- Exercise aim: Set the pictures aside and write down, exactly as they appear, the lines from the one containing "Carre Plat Icone" through the end of the material.

- Supplied information:

++++++++

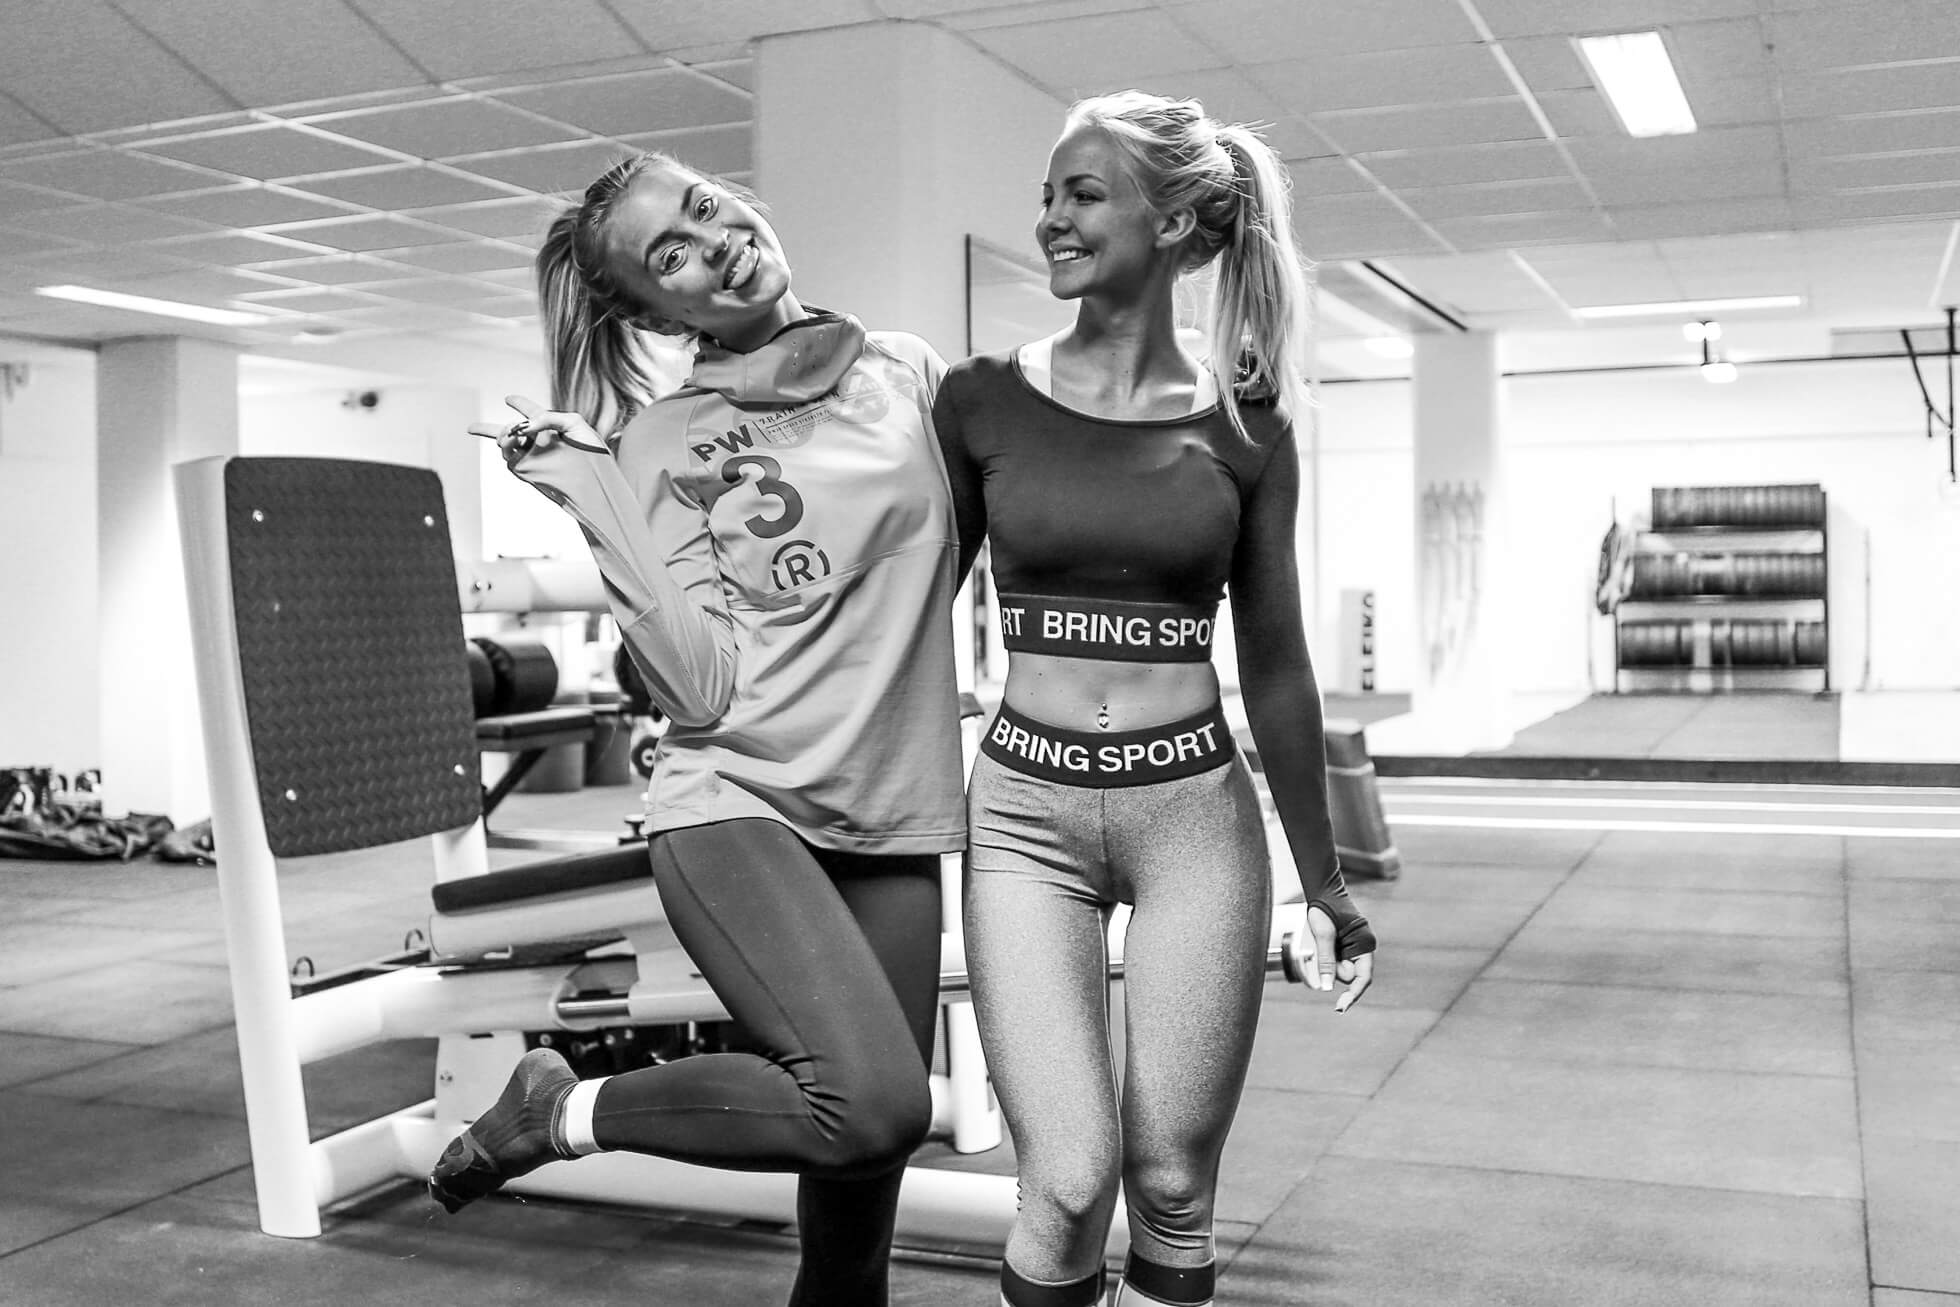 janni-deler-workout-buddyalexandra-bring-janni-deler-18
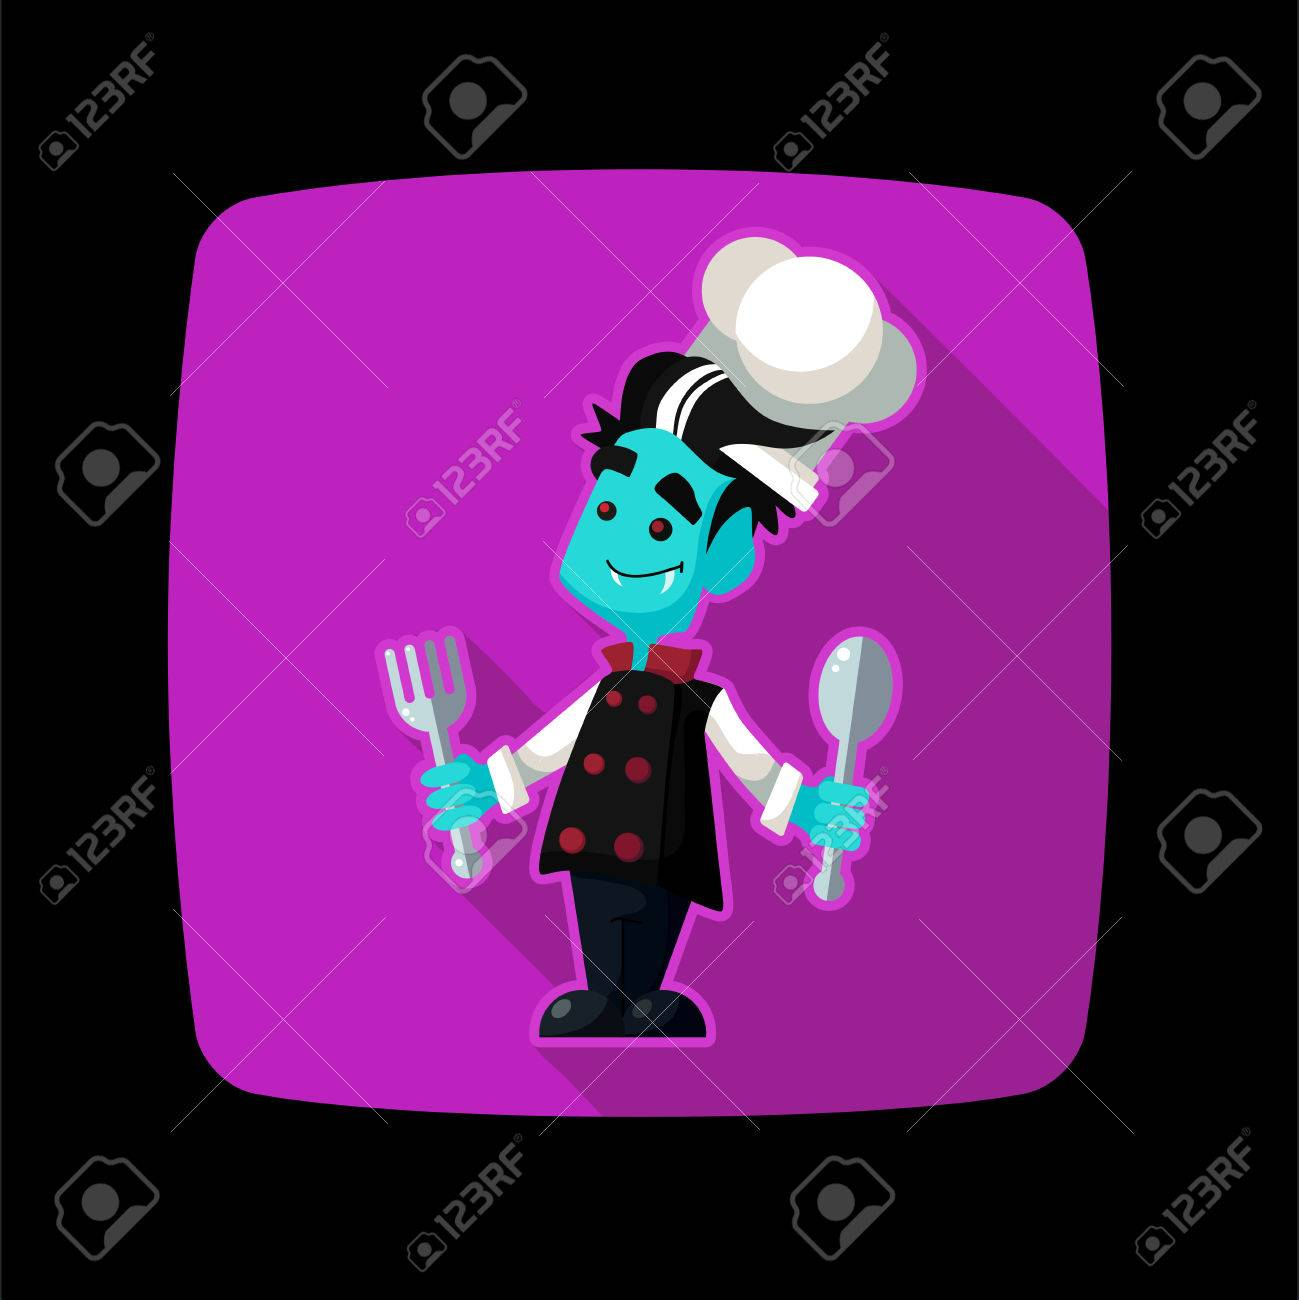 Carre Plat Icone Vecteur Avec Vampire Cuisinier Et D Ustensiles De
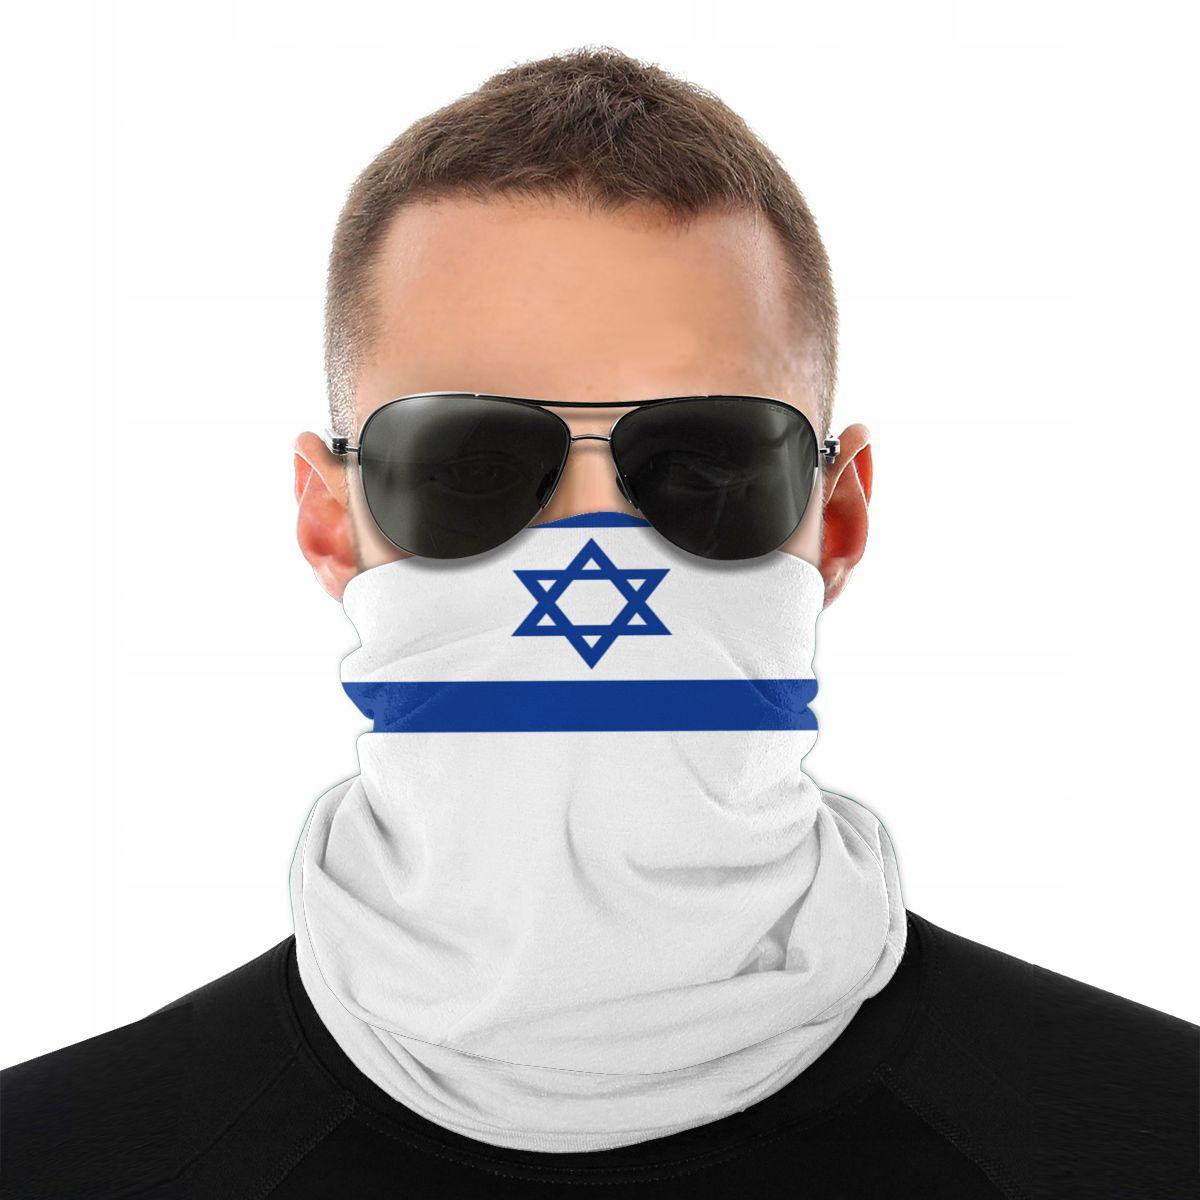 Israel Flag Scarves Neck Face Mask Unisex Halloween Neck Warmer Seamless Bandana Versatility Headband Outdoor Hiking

++++++++

- Task response:
 Carre Plat Icone Vecteur Avec Vampire Cuisinier Et D Ustensiles De
 Israel Flag Scarves Neck Face Mask Unisex Halloween Neck Warmer Seamless Bandana Versatility Headband Outdoor Hiking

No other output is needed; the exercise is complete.